==== Data extract ====

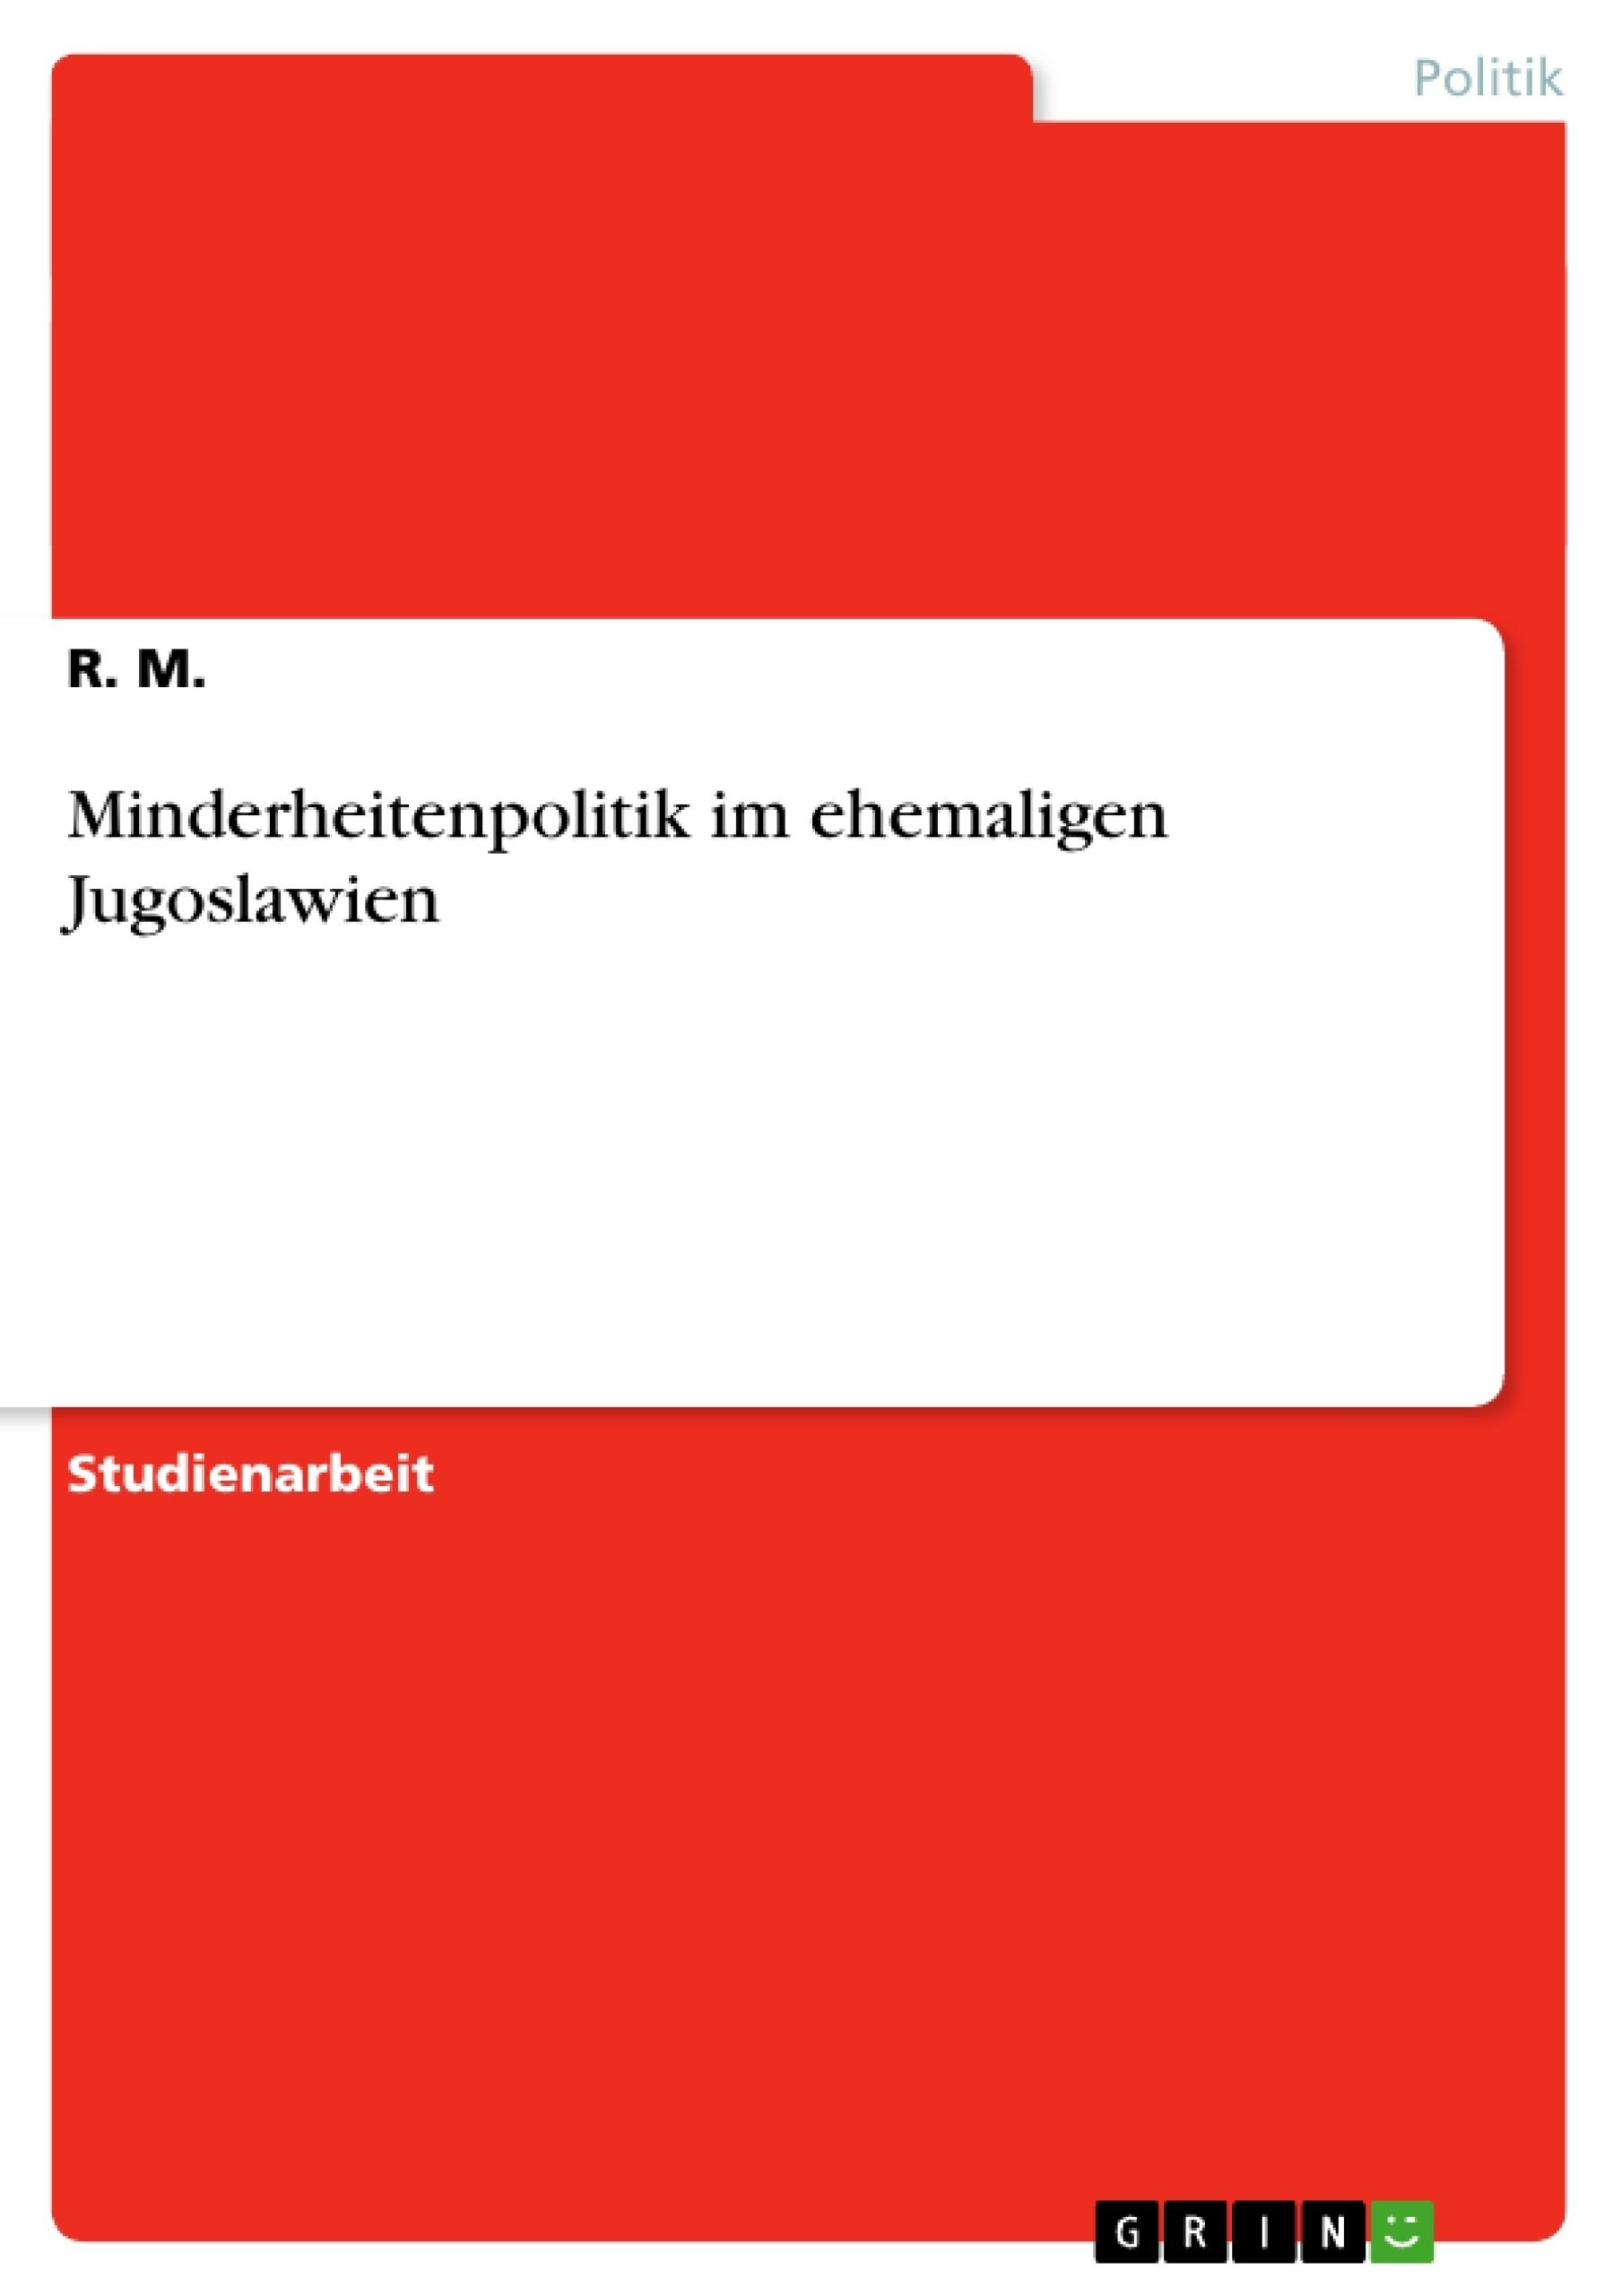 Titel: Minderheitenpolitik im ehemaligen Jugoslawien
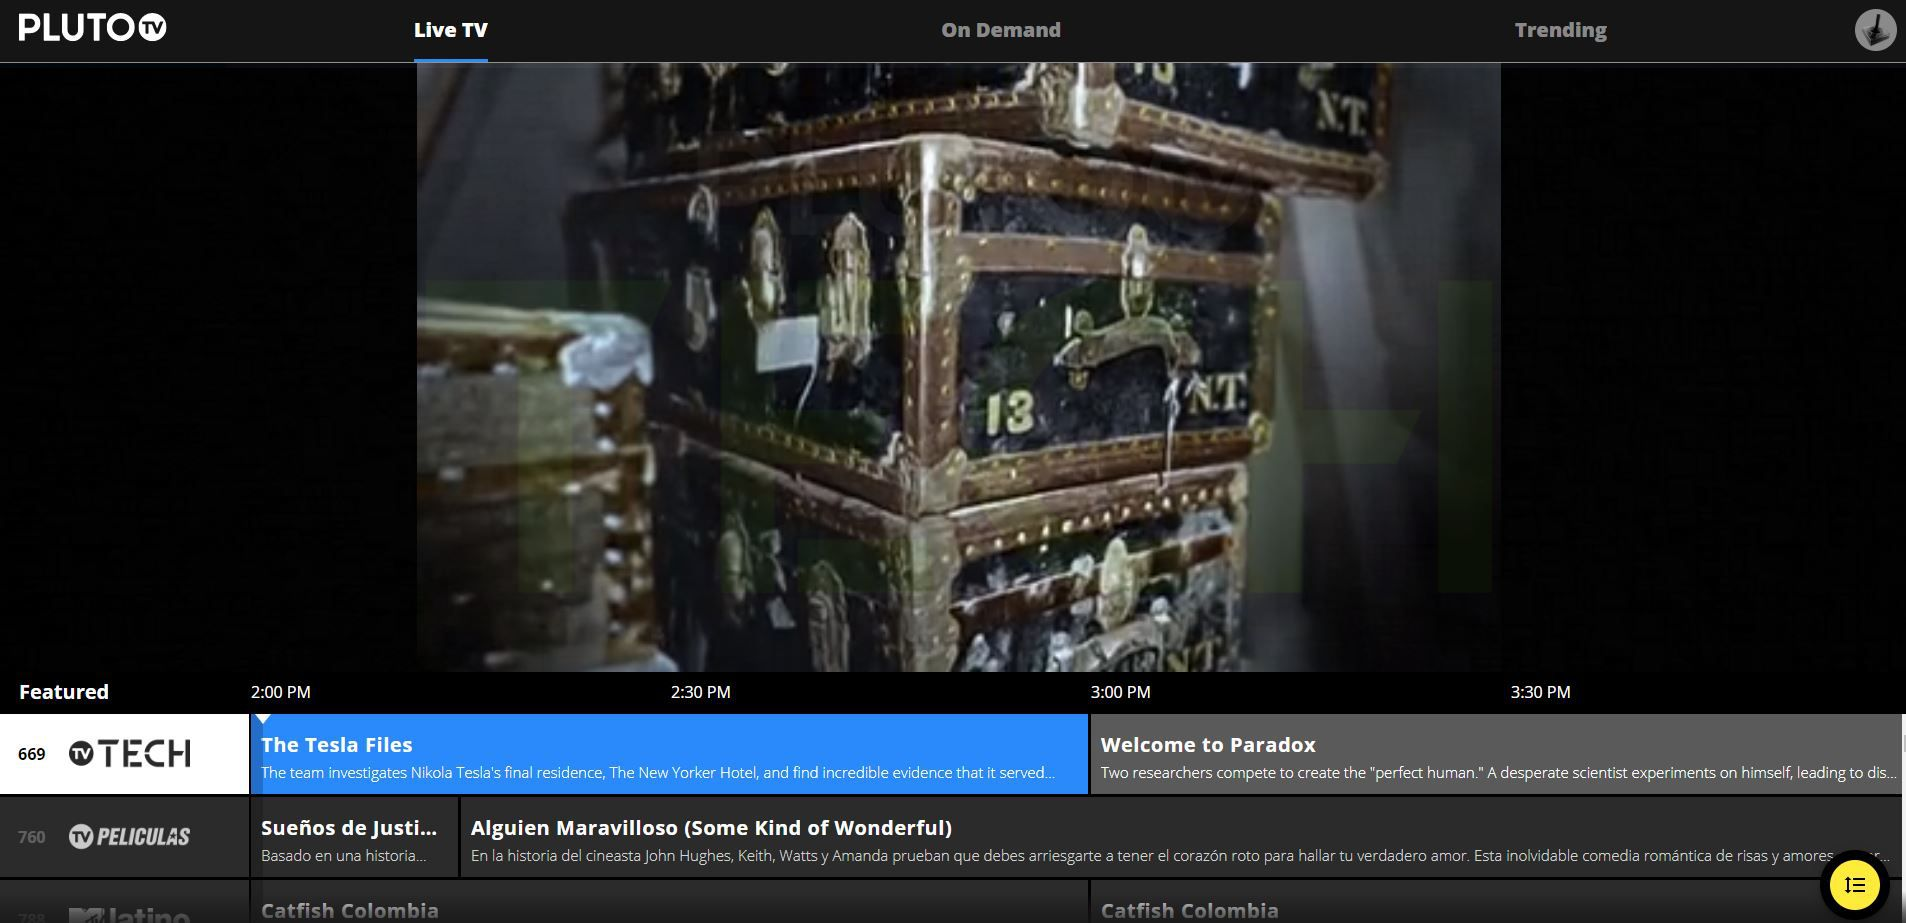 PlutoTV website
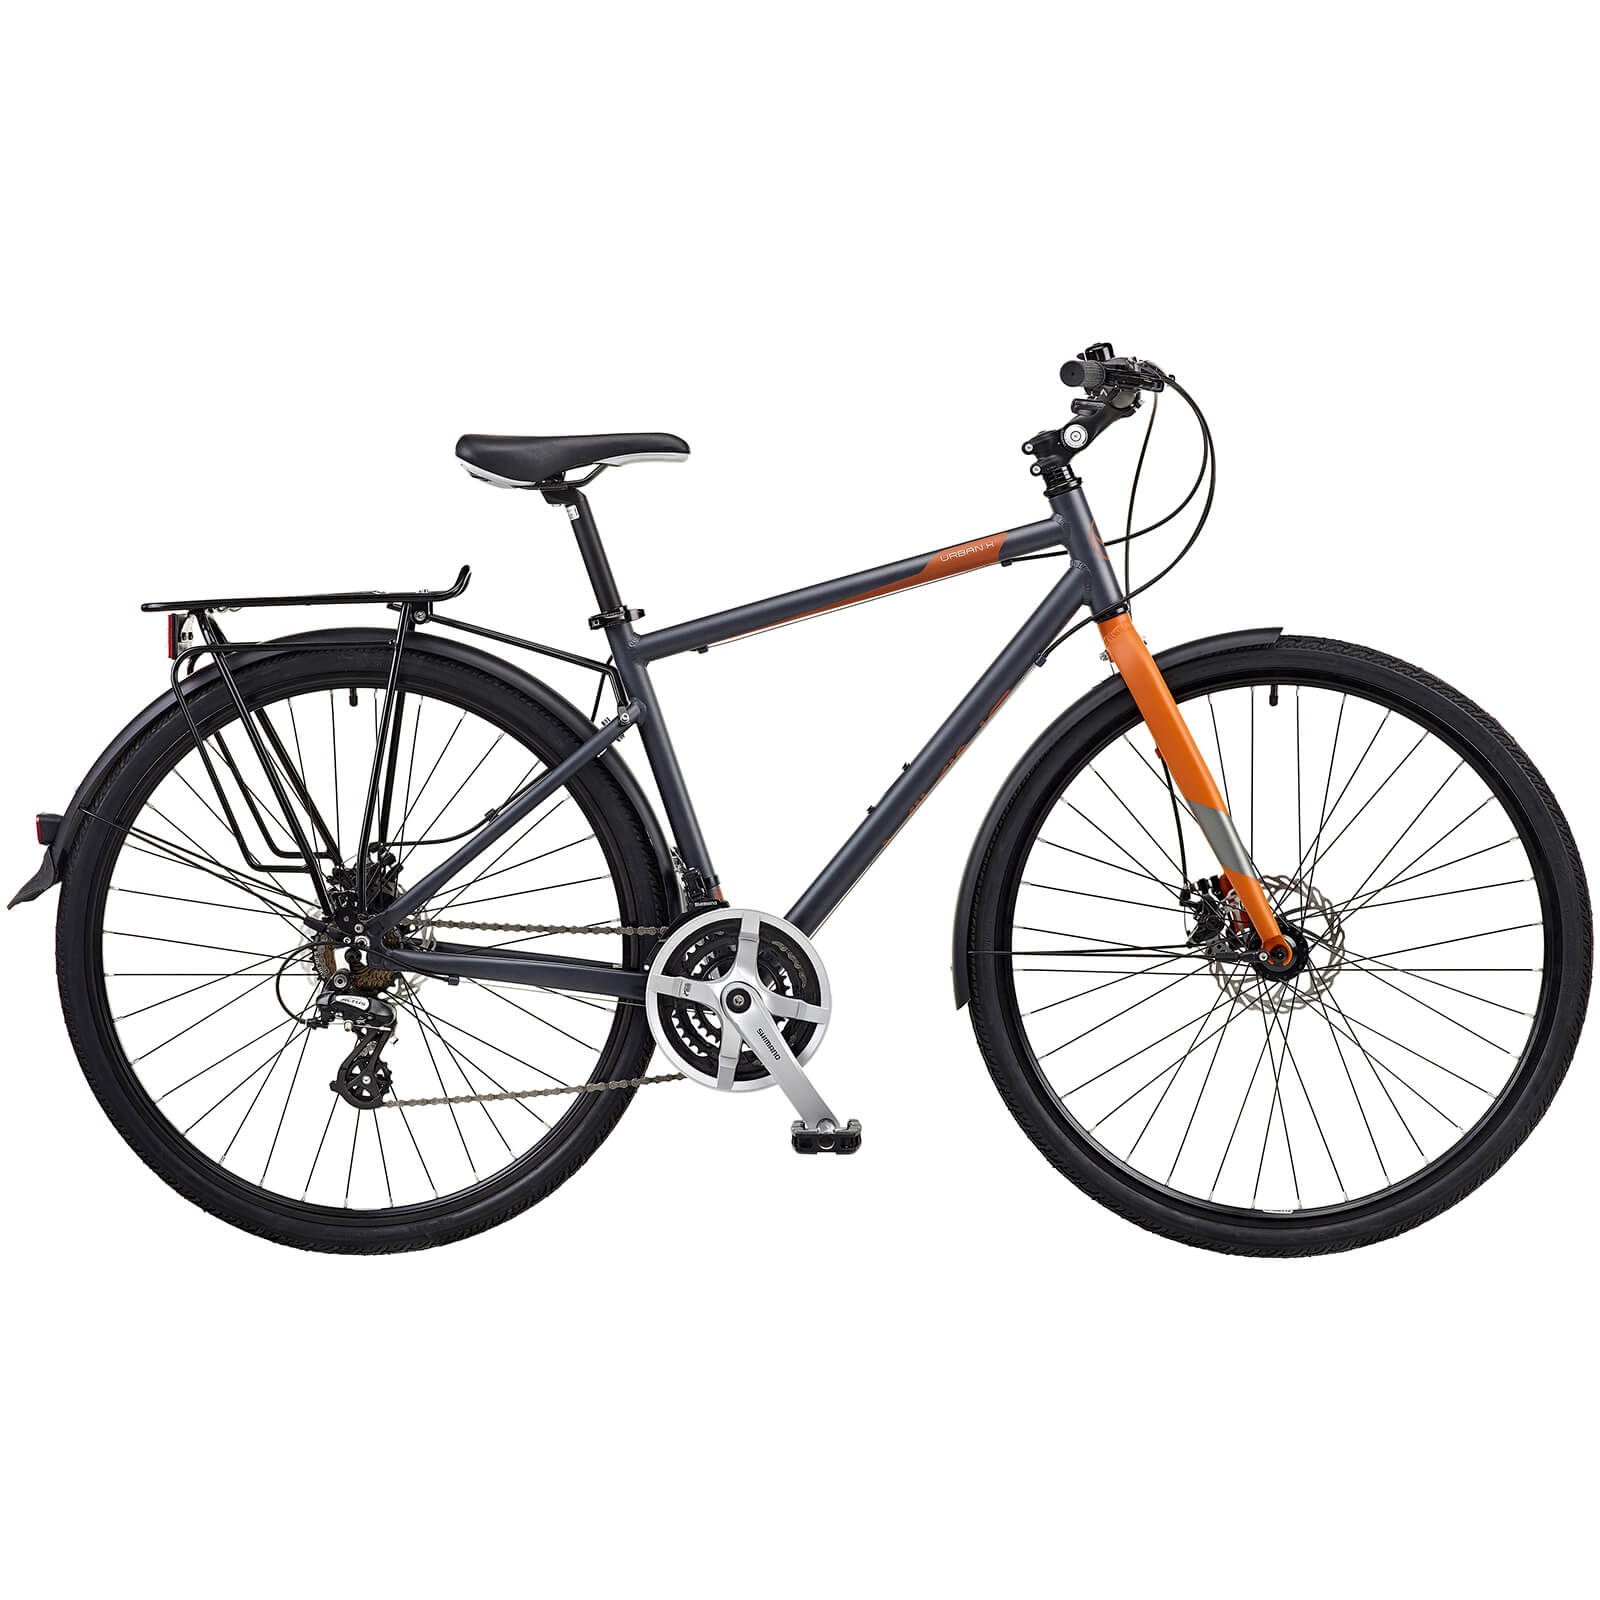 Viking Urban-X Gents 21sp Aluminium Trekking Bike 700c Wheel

====

### Work task
Return every line above word for word, minus images.

### Response
 Titel: Minderheitenpolitik im ehemaligen Jugoslawien
 PlutoTV website
 Viking Urban-X Gents 21sp Aluminium Trekking Bike 700c Wheel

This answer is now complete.